Wawan beringsut. Matanya tak berani menatap pemandangan mengerikan di


hadapannya. Setelah sebelumnya ia harus melihat bocah mengerikan, kini sepertinya
naik level. Bukan bocah lagi, tetapi sosok dewasa yang jauh lebih mengerikan dengan
senyum lebarnya.

Remaja itu berusaha melepaskan diri dari lilitan, sayangnya semakin ia


meronta, semakin kuat dekapan tersebut. Sudah. Tak ada lagi yang dapat
diperbuatnya. Wawan membuka matanya sedikit, berusaha mengintip makhluk
mengerikan itu berharap sudah enyah. Akan tetapi, ia salah. Makhluk itu tetap dalam
posisinya. Menyeringai lebar dengan tatapan mata yang tak pernah pergi dari mata
Wawan.

"Sialan!"

Namun, tunggu ... ada satu sosok lagi di samping makhluk itu. Yang satu ini
terlihat seperti manusia, berdiri agak membungkuk, dengan pakaian hitam dukun serta
blankon. Ya ampun, Hendra maksudnya Wawan, mengenal siapa dia.

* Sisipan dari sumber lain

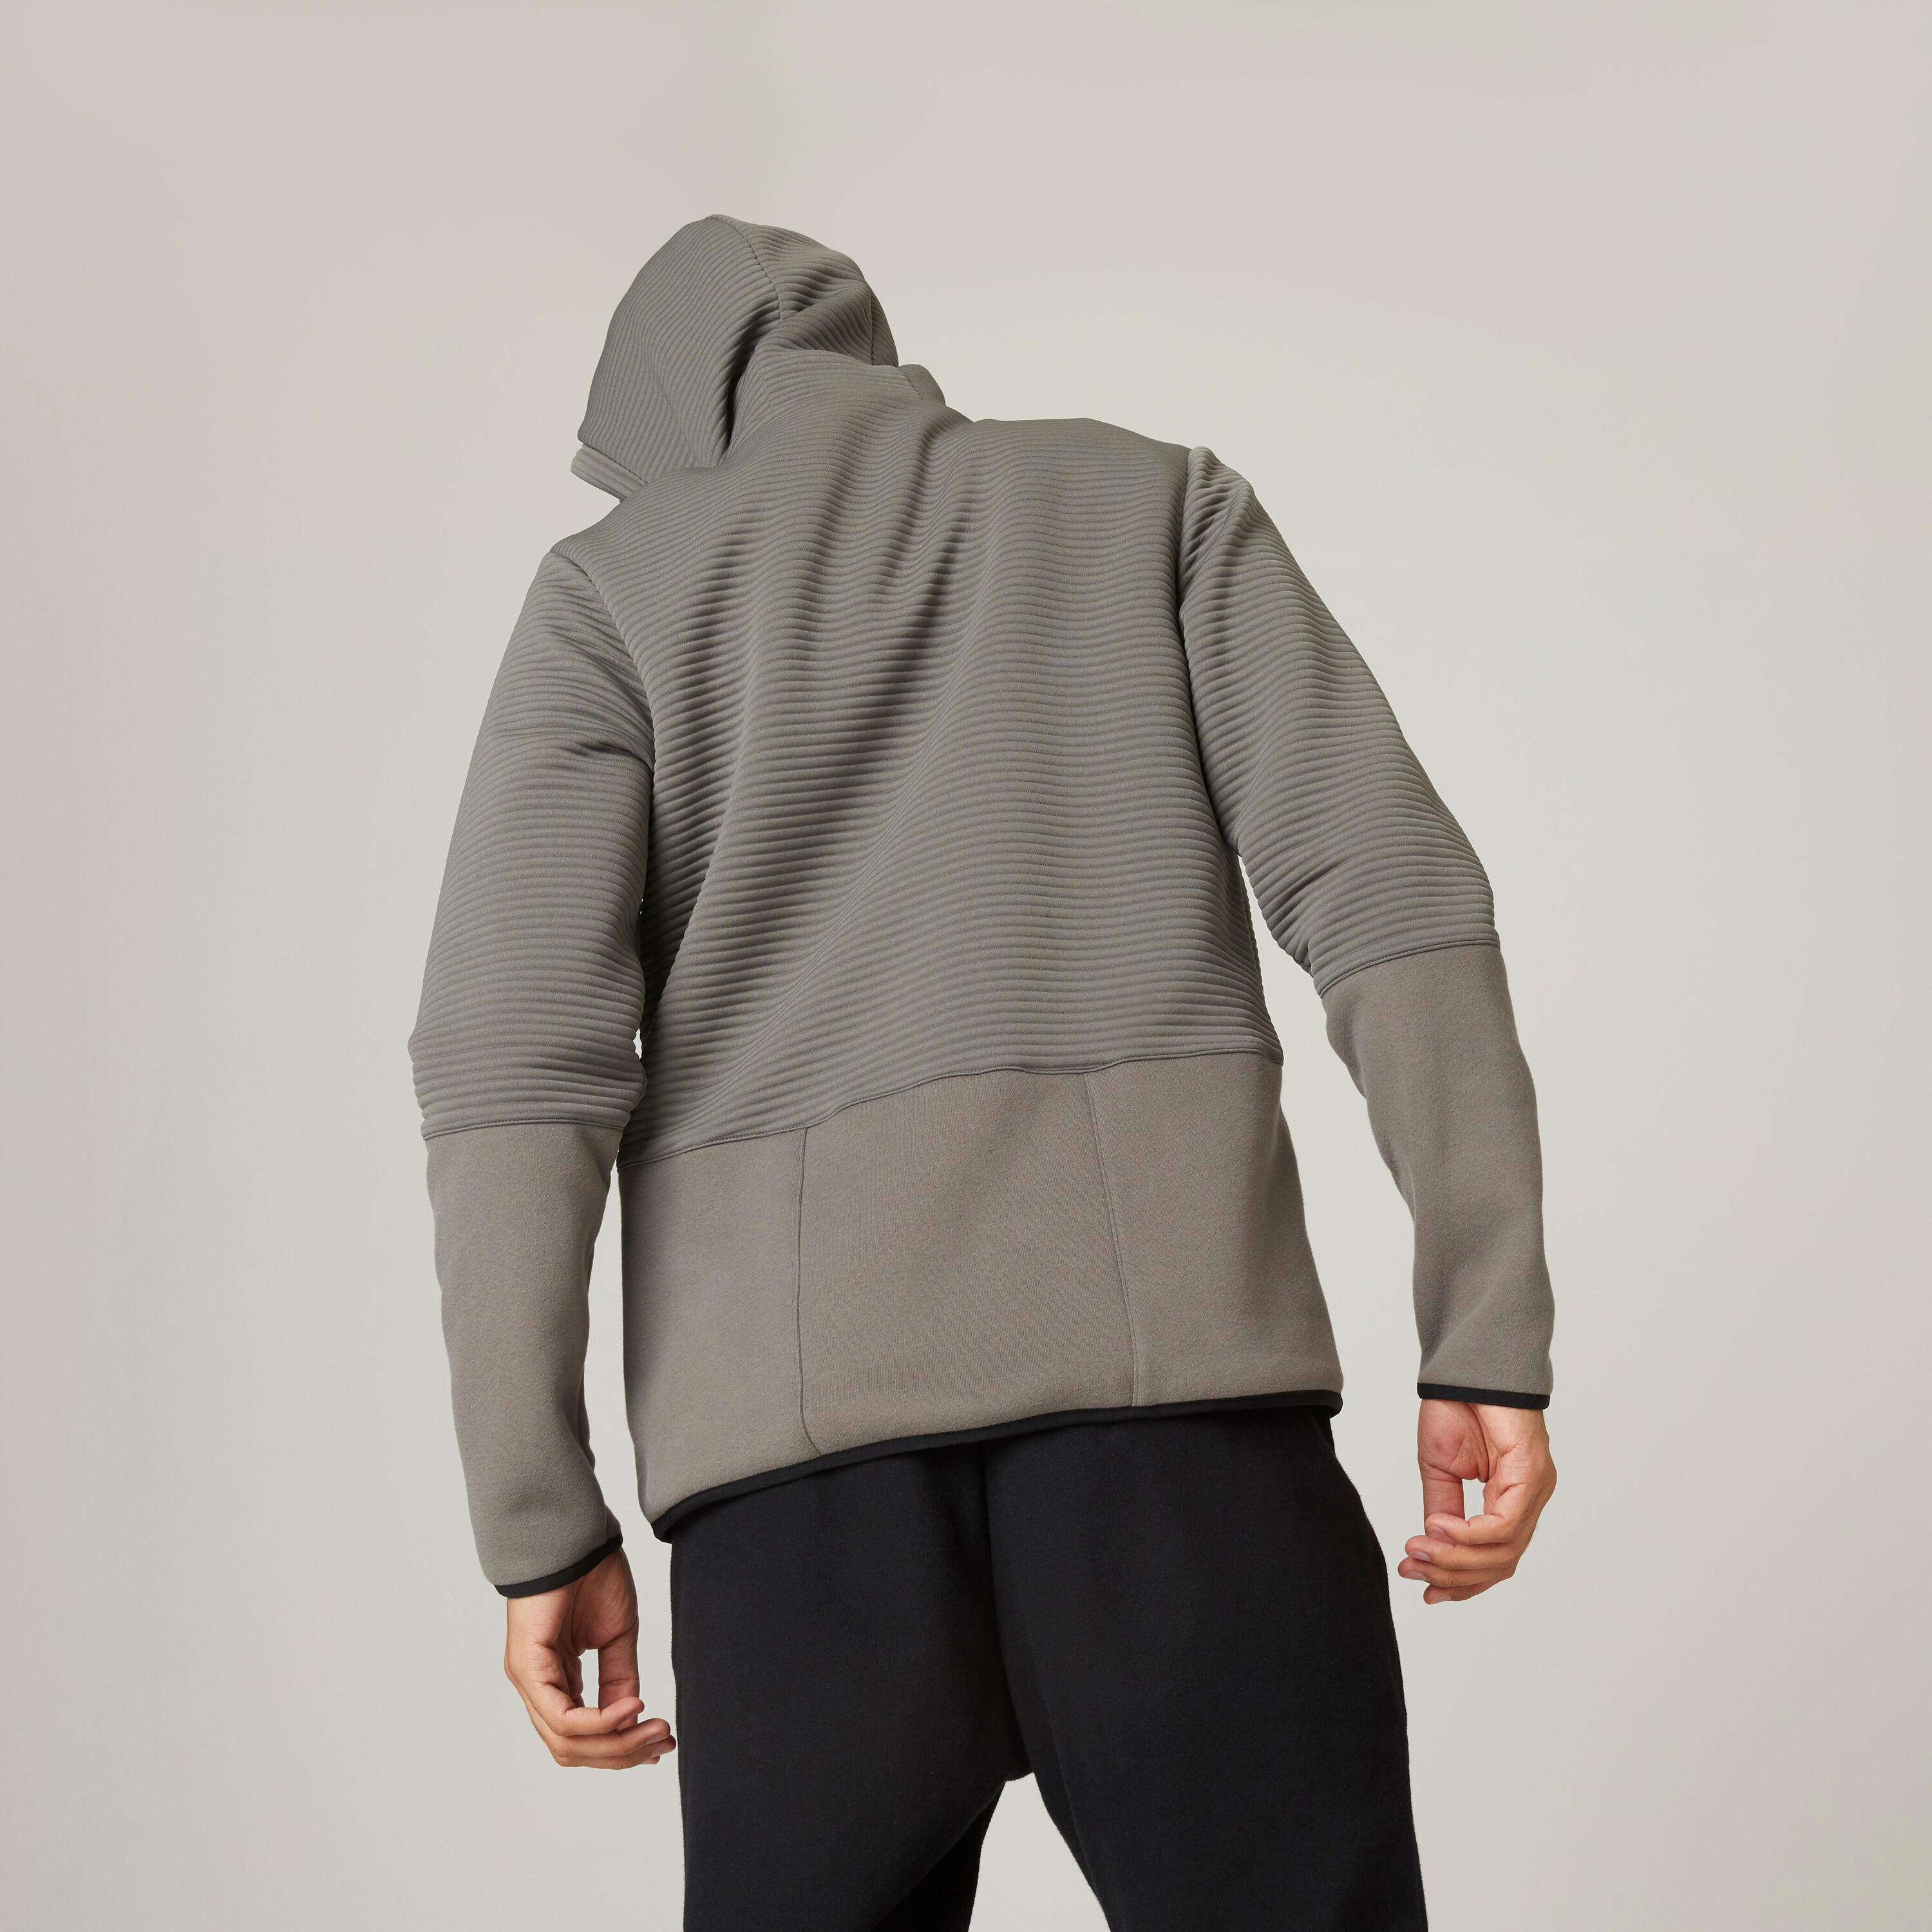 Men's Zip-Up Fitness Hoodie 560 - Grey/Khaki 2/11

"Ka—" Tak bisa, suaranya tercekat. Lilitan itu mencekiknya kuat. Tubuhnya
semakin lama semakin melemas kehabisan tenaga. Matanya berkaca-kaca, semakin
sembap dan terus memudar pandangan. Sebelum akhirnya gelap total.

Tak sadarkan diri.


***

Gelap, itu yang pertama kali disimpulkan olehnya. Remaja jangkung berambut
rapi itu menelusur ke sekitar. Sesekali ia melangkah penuh hati-hati, berharap tak
menginjak sesuatu yang berbahaya.

"Kamu tak perlu banyak bergerak." Sebuah suara bergema. Terdengar seperti
suara seorang laki-laki yang cenderung berat tetapi nyaman di telinga.

Wawan menghentikan langkahnya. Celingak-celinguk mencari ke sekitar


berharap menemukan sumber suara. Namun, tetap saja nihil. Gelap tak bisa
membedakan apakah dirinnya sedang membuka atau menutup mata.

Pyar!

Pendar cahaya kekuningan redup tiba-tiba menyala di hadapan Wawan.


Sebuah lampu petromaks sudah berada di atas meja. Api di dalamnyalah yang
memancarkan sinar kekuningan menghalau gelap.

Remaja itu mengangkat satu alisnya. Dari mana datangnya lampu itu? Namun,
jika dipikir-pikir lagi itu bukanlah hal yang penting. Sekarang yang utama adalah,
dirinya sedang berada di mana?!

"Kamu ada di ruang jiwa dan kebenaran."

Suara itu kembali menyahut untuk yang kedua kalinya. Suara siapa
sebenarnya itu?! pikir Wawan dalam hati.

"Mungkin kamu belum mengenaliku, karena saat aku masih hidup kamu
belum lahir, Anak muda."

Wawan mundur beberapa langkah. Apa maksudnya ia masih hidup dan dirinya
belum lahir. Mungkinkah ia sekarang berbicara dengan mayat hidup? Akh, itu terlalu
fantasi.
"Si–Siapa kau?!" Wawan ambil suara memberanikan diri. Wajahnya tetap
menelusur ke sekitar berusaha mencari si pemilik suara berat itu.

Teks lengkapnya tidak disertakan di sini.